I don't understand what you're doing here.

 

[huynhtn2]

This is the speed of 'rabbit + plate 2'.


I don't understand what you're doing here.

When the rabbit jumps back to the left plate doesn't it increase the plate 2 velocity when it pushes off from it? or is that wrong?

 

[Doc Al]

When the rabbit jumps back to the left plate doesn't it increase the plate 2 velocity when it pushes off from it? or is that wrong?

Sure it does. Is that what you were trying to calculate?

 

[huynhtn2]

Sure it does. Is that what you were trying to calculate?

Yeah... was it a fail?

 

[Doc Al]

Yeah... was it a fail?

I think so. Explain what you were doing.

 

[huynhtn2]

I think so. Explain what you were doing.

momentum of rabbit as it leaves plate 2
p=mv
= (0.742)(3)
= 2.226

backward momentum of plate
p=mv
2.226 =12.8v
v= 0.173

then take this v and add it to the v from before to get final v?

 

[Doc Al]

momentum of rabbit as it leaves plate 2
p=mv
= (0.742)(3)
= 2.226

OK.

backward momentum of plate
p=mv
2.226 =12.8v
v= 0.173

You neglected the initial velocity of the rabbit.

 

[huynhtn2]

OK.


You neglected the initial velocity of the rabbit.

momentum of rabbit as it leaves plate 2
p=mv
= (0.742)(3-0.164)
= 2.104

backward momentum of plate
p=mv
2.104 =12.8v
v= 0.164

I should subtract the velocity from the first equation right?

 

[Doc Al]

momentum of rabbit as it leaves plate 2
p=mv
= (0.742)(3-0.164)
= 2.104

Why did you change this? You had this part correct before.

Just apply conservation of momentum in one step.

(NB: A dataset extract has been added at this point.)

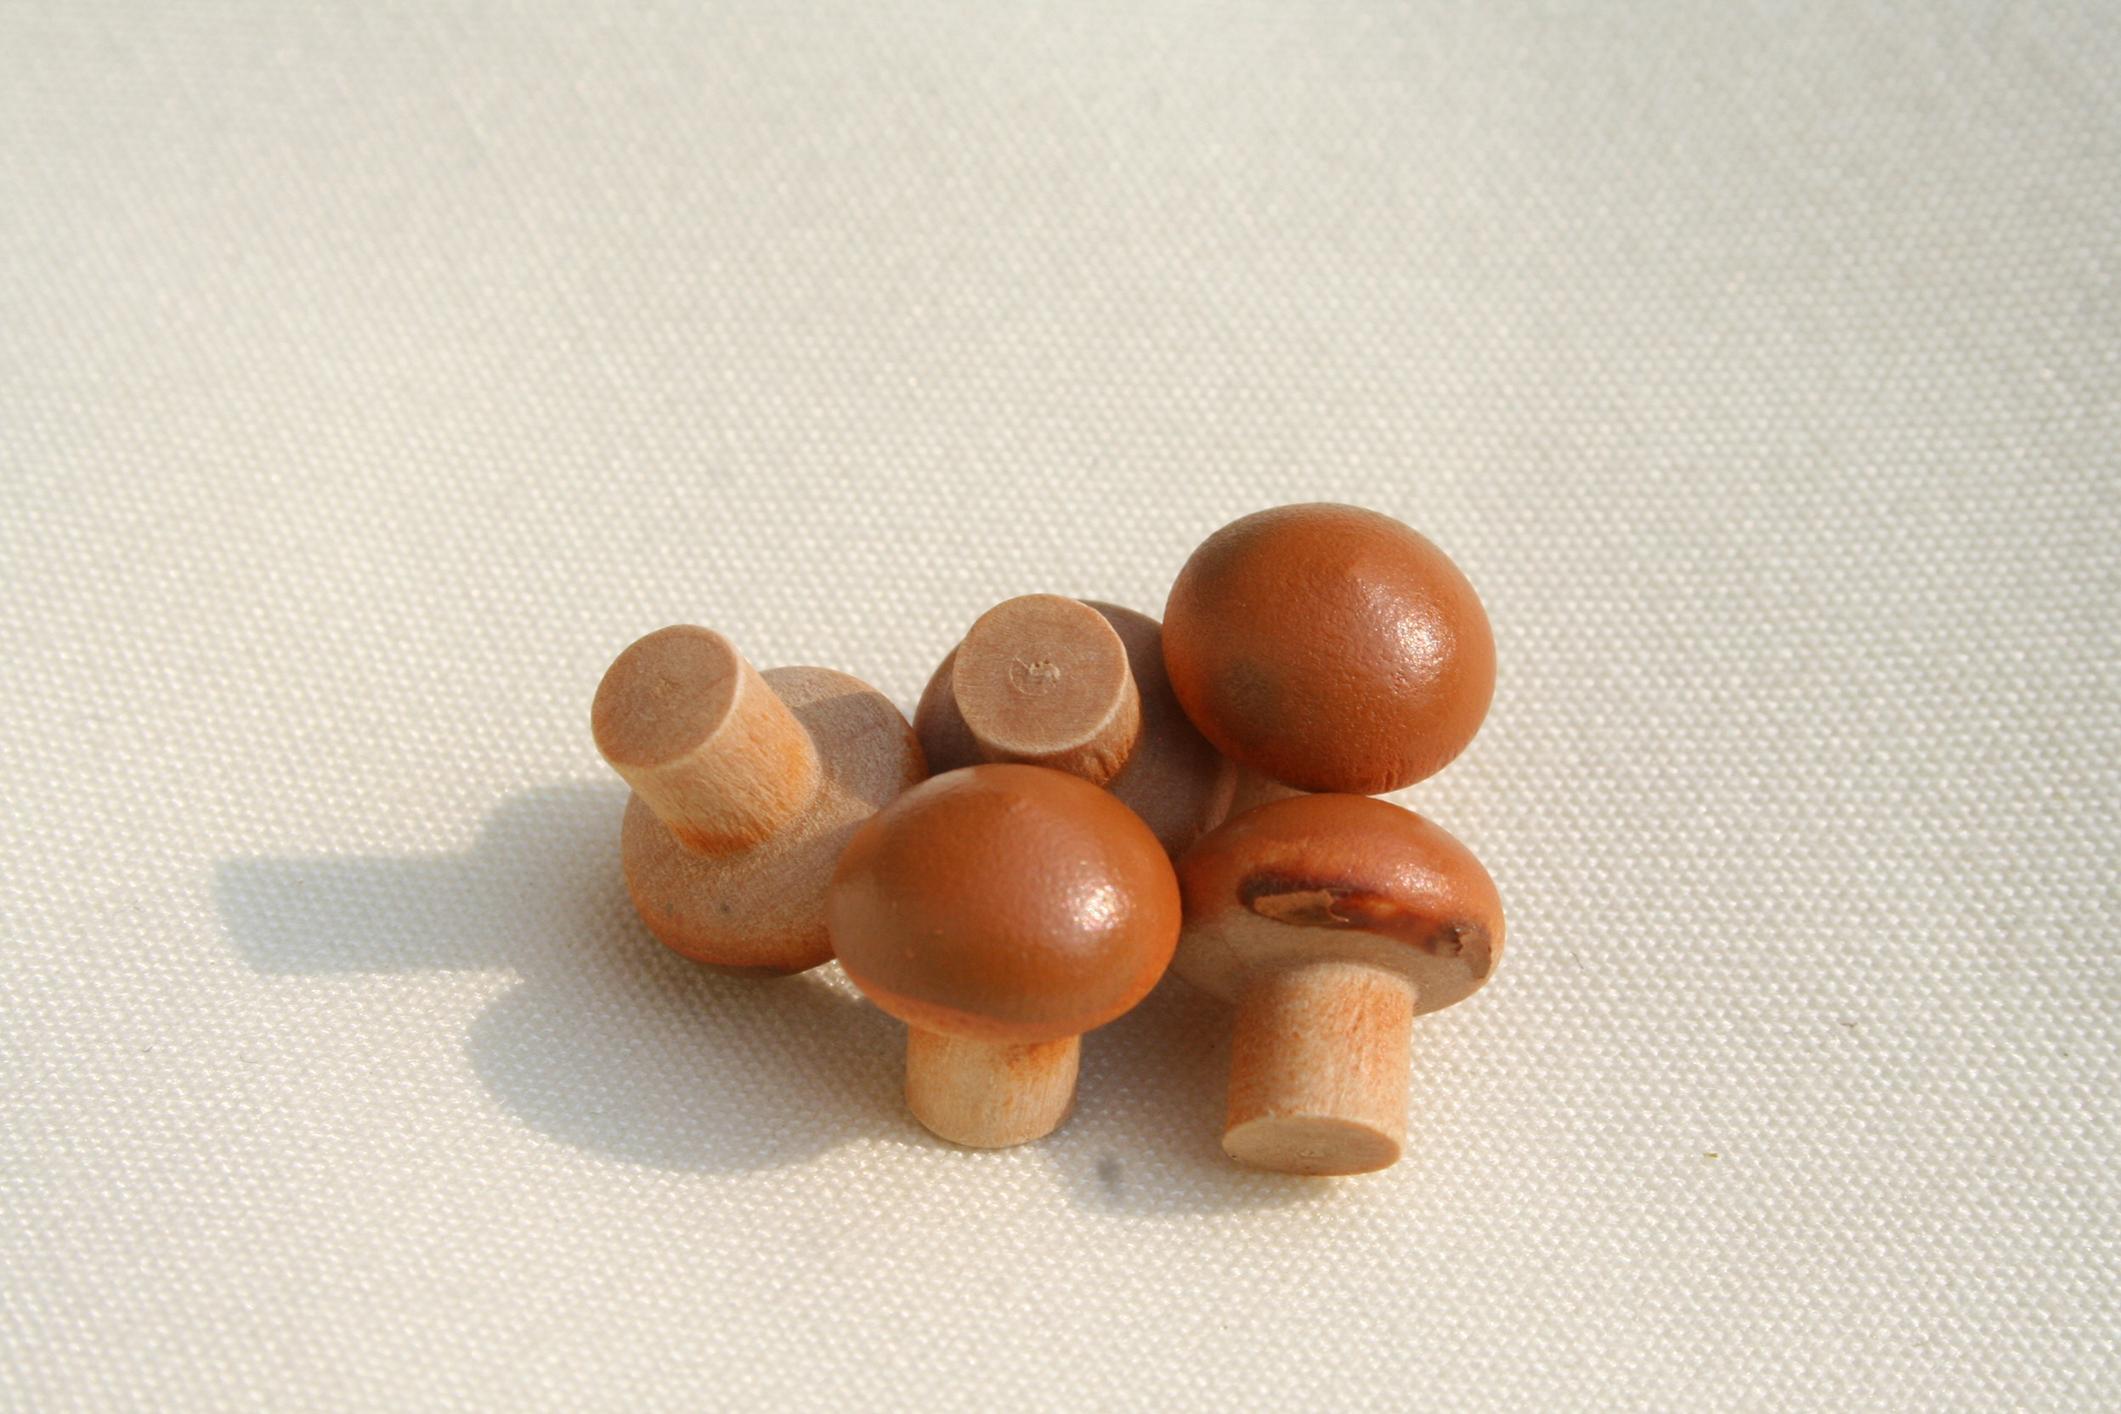 wurzelkrippe krippenhobby onlineshop k 199 pilze miniaturpilze aus holz t te mit 5 st ck. Black Bedroom Furniture Sets. Home Design Ideas

What's the momentum of 'rabbit + plate 2'? Set that equal to the momentum of the rabbit after he jumps + the momentum of plate 2.

 

[huynhtn2]

Why did you change this? You had this part correct before.

Just apply conservation of momentum in one step.

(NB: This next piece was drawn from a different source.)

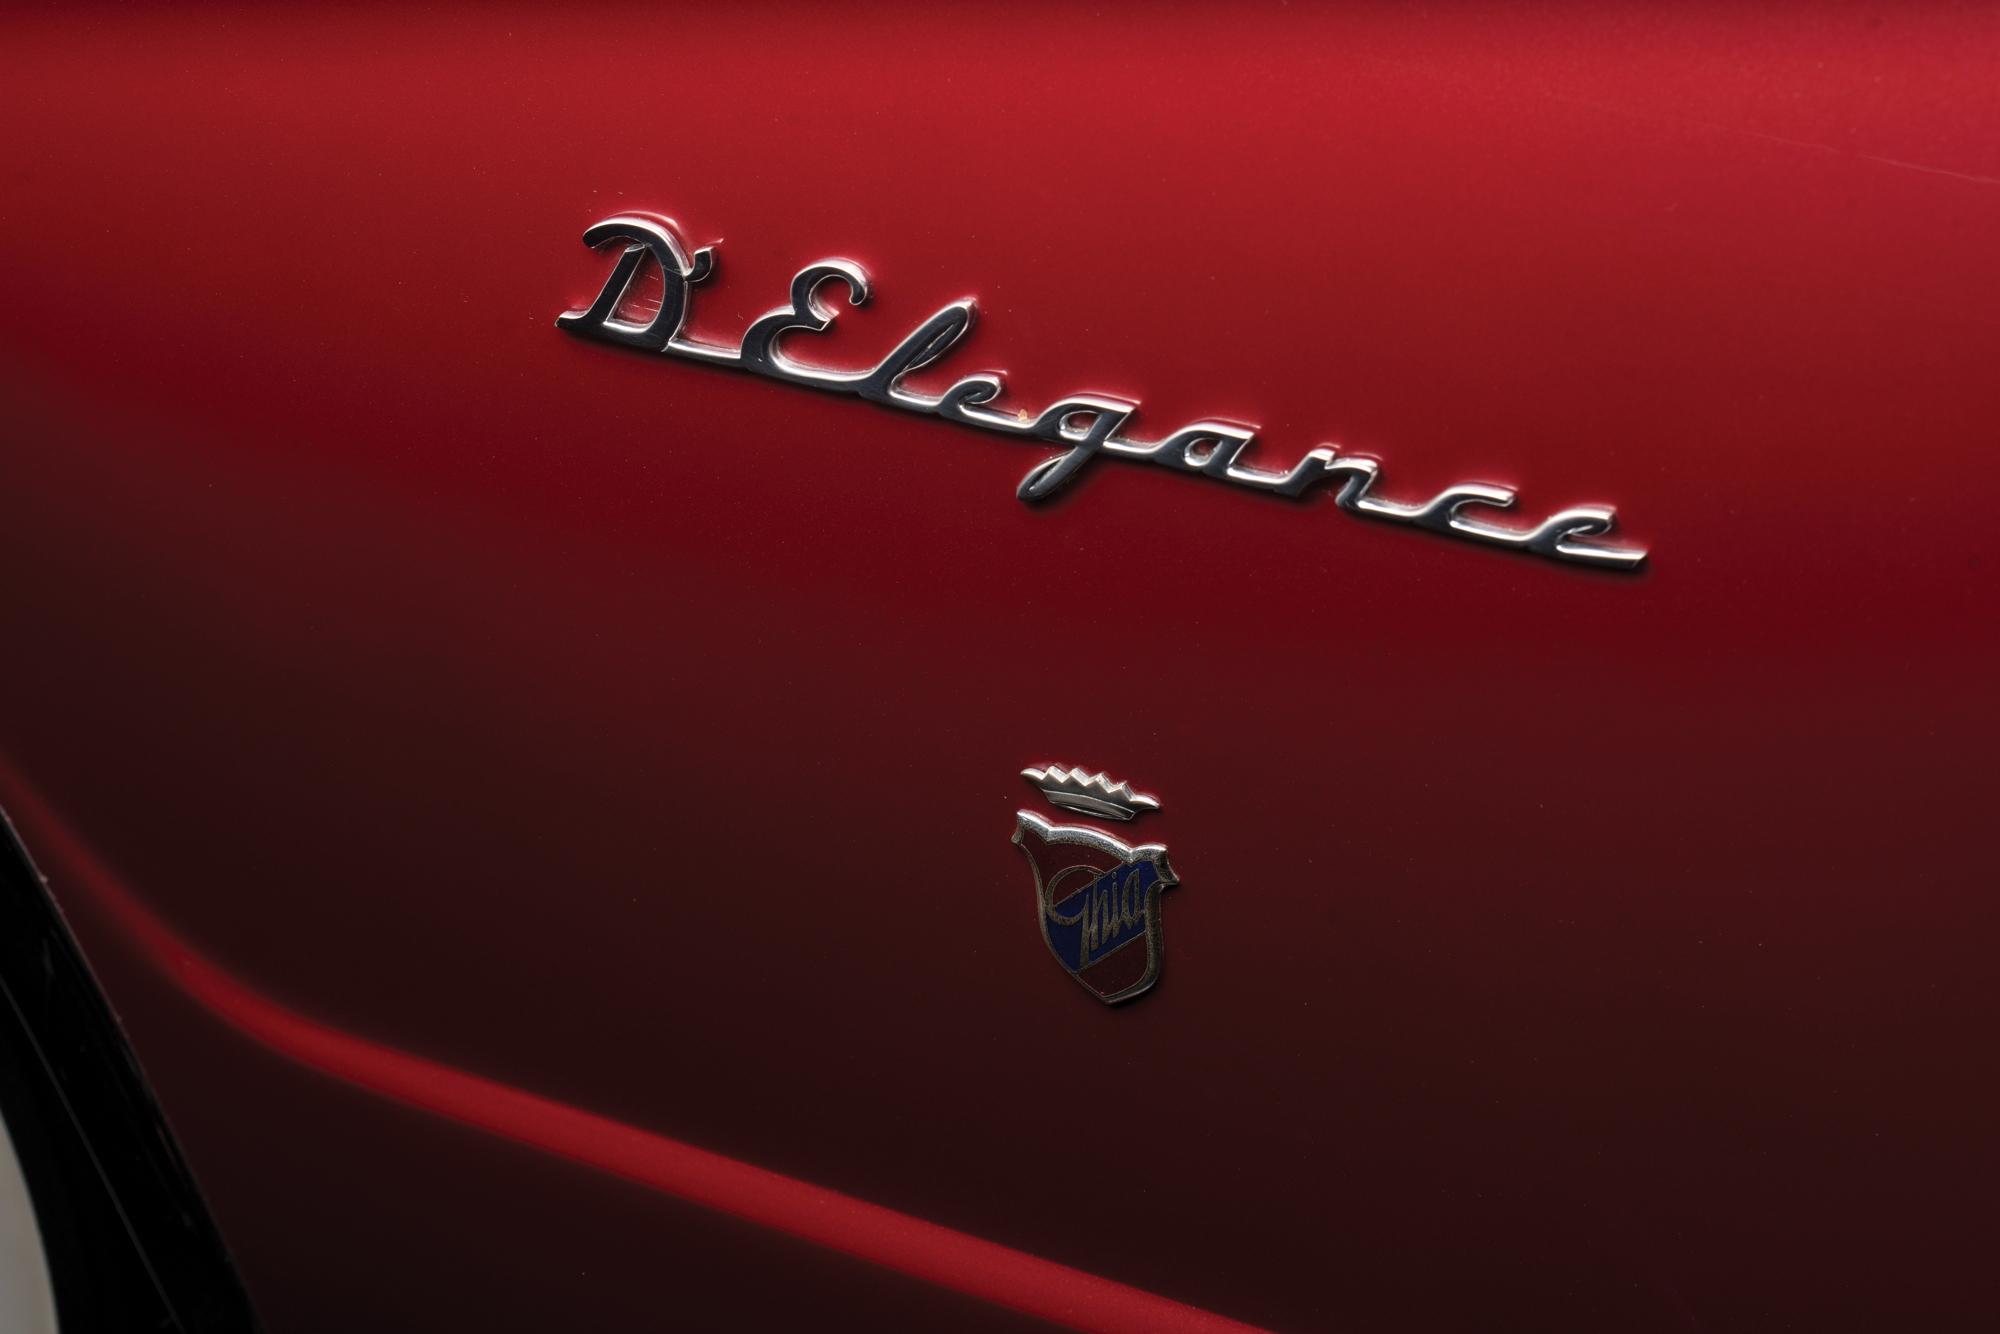 1952 Chrysler D'Elegance by Ghia badge

What's the momentum of 'rabbit + plate 2'? Set that equal to the momentum of the rabbit after he jumps + the momentum of plate 2.

mv = mv
(0.742)(3)=(0.742 +12.8)v?

I am confused out of my mind now, please help.

 

[Doc Al]

mv = mv
(0.742)(3)=(0.742 +12.8)v?

I am confused out of my mind now, please help.

That's the momentum of 'rabbit + plate 2', which happens to just equal the momentum of the rabbit. If you want the speed of plate 2 after the rabbit jumps off, continue as I suggested before:

Set that equal to the momentum of the rabbit after he jumps + the momentum of plate 2.

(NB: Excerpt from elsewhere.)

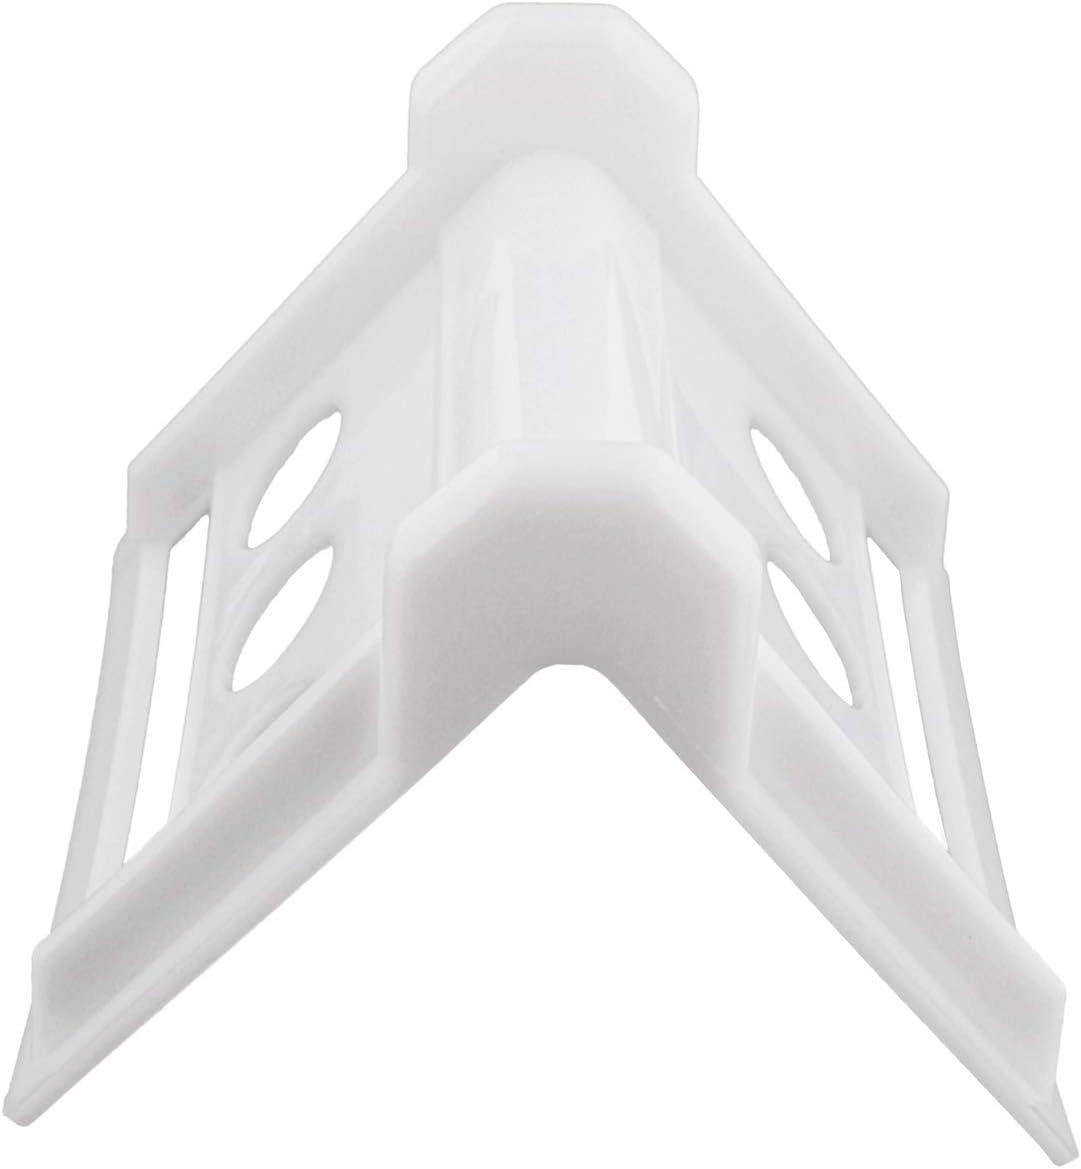 Corner Strap Protector Corner Protector Cargo Strap Protectors BISupply Cargo Edge Protectors White 10 Pack

Hint: Pay attentions to signs.

 

[huynhtn2]

That's the momentum of 'rabbit + plate 2', which happens to just equal the momentum of the rabbit. If you want the speed of plate 2 after the rabbit jumps off, continue as I suggested before:

Hint: Pay attentions to signs.

I finally got it, thanks so much for your help. I know i was annoying so thanks for sticking with helping me.

 

[ghostanime2001]

Identical plates are placed close together on ice as shown. A 0.645 kg rabbit that is initially sitting on the plate on the left jumps to the other plate and immediately back to the original plate. The rabbit leaves both plates with a horizontal component of velocity of magnitude 2.87 m/s with respect to the ice.

(a) If the mass of each plate is 12.0 kg, calculate the final velocity of the plate on the right. (Ans = 3.09e-01 m/s)
(b) Calculate the final velocity of the plate on the left. (Ans = -2.93e-01 m/s)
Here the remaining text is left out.